渋沢寿一さんという農学博士の方がいらっしゃいます。
渋沢栄一さんの玄孫(やしゃご・孫の孫)にあたる方だそうです。

寿一さんとご縁でお話をさせていただきました。

経営者にとってとても大切な感覚「時間の流れ」。

もともと戦前・戦後の事業経営者にとって、事業を営むの一番の目的は「雇用の確保」でした。
だって焼け野原で、食うに困る路頭の民ばかりの世の中でしたから。

それが、戦後の高度経済成長を経て、バブル崩壊を迎えます。
バブルで得た全ての物質的欲求のなれの果てが、虚しさと不幸な社会だった。

そこで、1990年代、「雇用の確保」はもういいから、「株主への配当」を一番に考えなさいという欧米の自由市場経済の考えが広まりました。
売上利益を上げて、企業の時価総額を最大にして、GDPを押し上げれば、必ずみんな”幸せ”になれる!そのためにとにかく競争せよと。

そう思って、24時間戦えますか!? なんてCMが世にあふれて、
残業しまくって過労死したり、、、それでも、根性が足りないと言われて引きこもりが増えたり、、、

その結果、なんか幸せでもないのに、経済大国GDP第3位(2010年代に第2位の中国に追い抜かれた)と世界に称賛されたりもしました。


論語と算盤

日本に資本主義を取り入れた渋沢栄一さんは、ご存じのとおり、右手に論語、左手に算盤(そろばん)という名言を残されました。

ところが、どうでしょう。今は両手に算盤の世じゃないですか?
とにかく数字、数字、数字。。。
目標は、拡大、拡大、拡大。。。
それが成長のシルシ。

渋沢栄一さんの孫である、渋沢敬三さんは、渋沢家の名を継ぎながら戦後の日銀総裁や大蔵大臣(現財務大臣)を歴任されました。

寿一さんは、叔父にあたる敬三さんに事あるごとに
「祖父の栄一は、(資本主義という)とんでもないモノを日本に持ち込んだ」
と憂いていたと言われます。

2000年代に経営者となったボクは必死で経営を学びました。
経営を学問で学ぶのはMBAが最適と思い、ビジネススクールの通いました。
そこで、学んだことは「いかに企業価値を上げるか」「利益を上げるか」「短期的な数値目標を達成するか」ばかりでした。

それを信じて、企業経営を頑張ったらいつかソフトバンクの孫さんやユニクロの柳井さんみたいになれると信じて、必死に頑張りました。

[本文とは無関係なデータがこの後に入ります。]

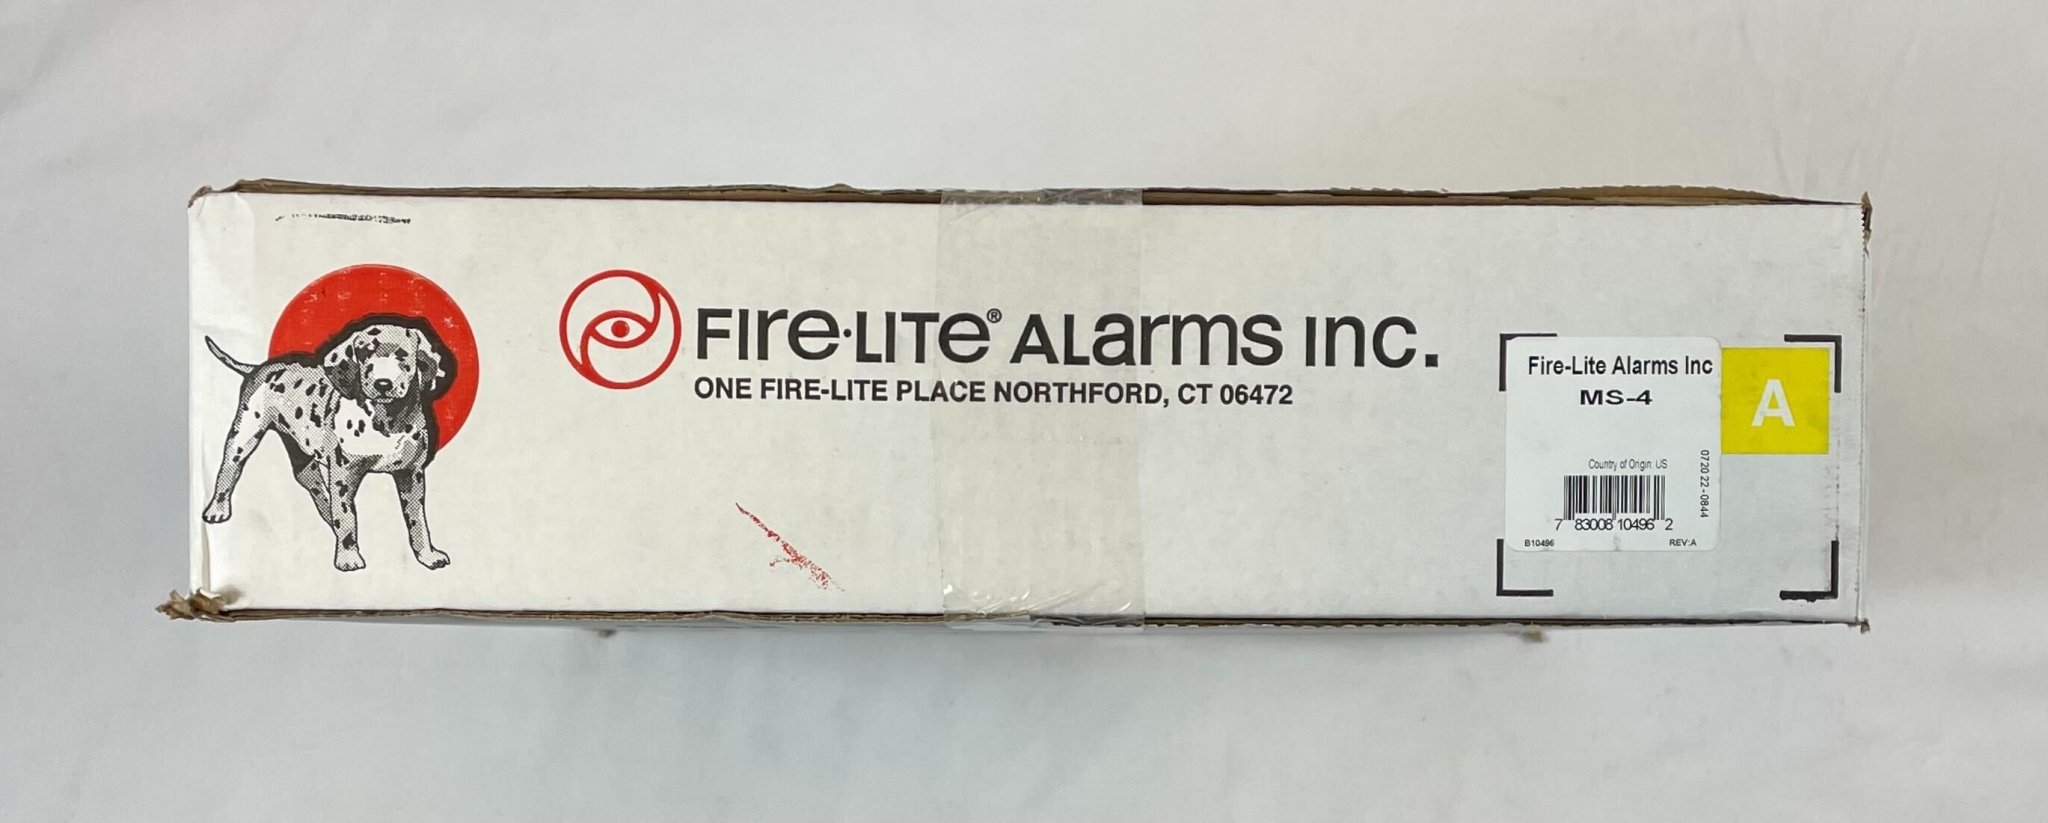 Firelite MS-4 - The Fire Alarm Supplier
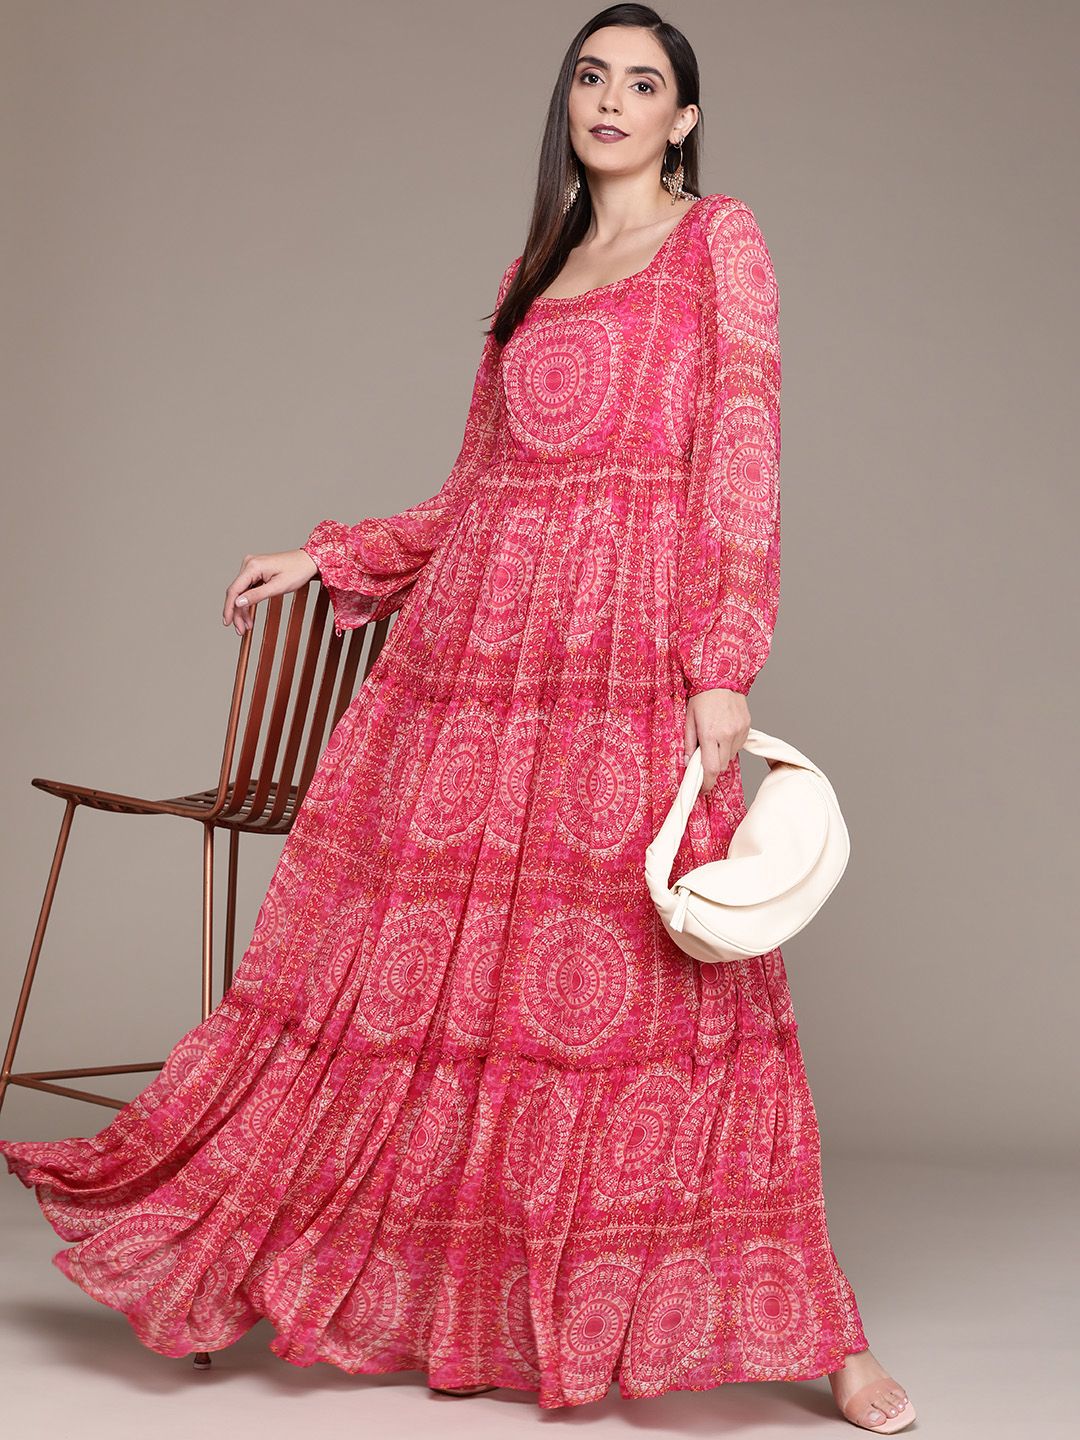 aarke Ritu Kumar Women Pink & Off White Abstract Printed Maxi Dress Price in India

でも、どんなに数字を追いかけても、なんか幸せになれない気がしていたんです。

それはボクだけではなく、社員や家族や取引先の皆さんも、、、

そろそろ時代の転換点

多分、多くの起業家・企業家のトップが気づいているのだと思います。
もう、時価総額とか、短期的な売上利益の追求は、人々の幸せにはつながらないと。。。
それどころか、地球や自然をどんどん破壊してしまっている。

どんなに数字を追ってロボットやAIが、机上の技術を進歩させたとしても、身体性を伴ったニンゲンの幸せは満たせないんじゃないかと。

だからこそ、自然に学ぶことが大切なのだと思います。
自然を学び、自然に寄り添い、
地球と共生していく。

「あめつちのこころに近づかむ。」

戦後の企業経営も、
第1フェーズ「雇用の確保」の70年を経て、
第2フェーズ「株主配当」の77年を経て、
いよいよ第3フェーズの「心身の幸せ」へとシフトチェンジしていると思います。

以上。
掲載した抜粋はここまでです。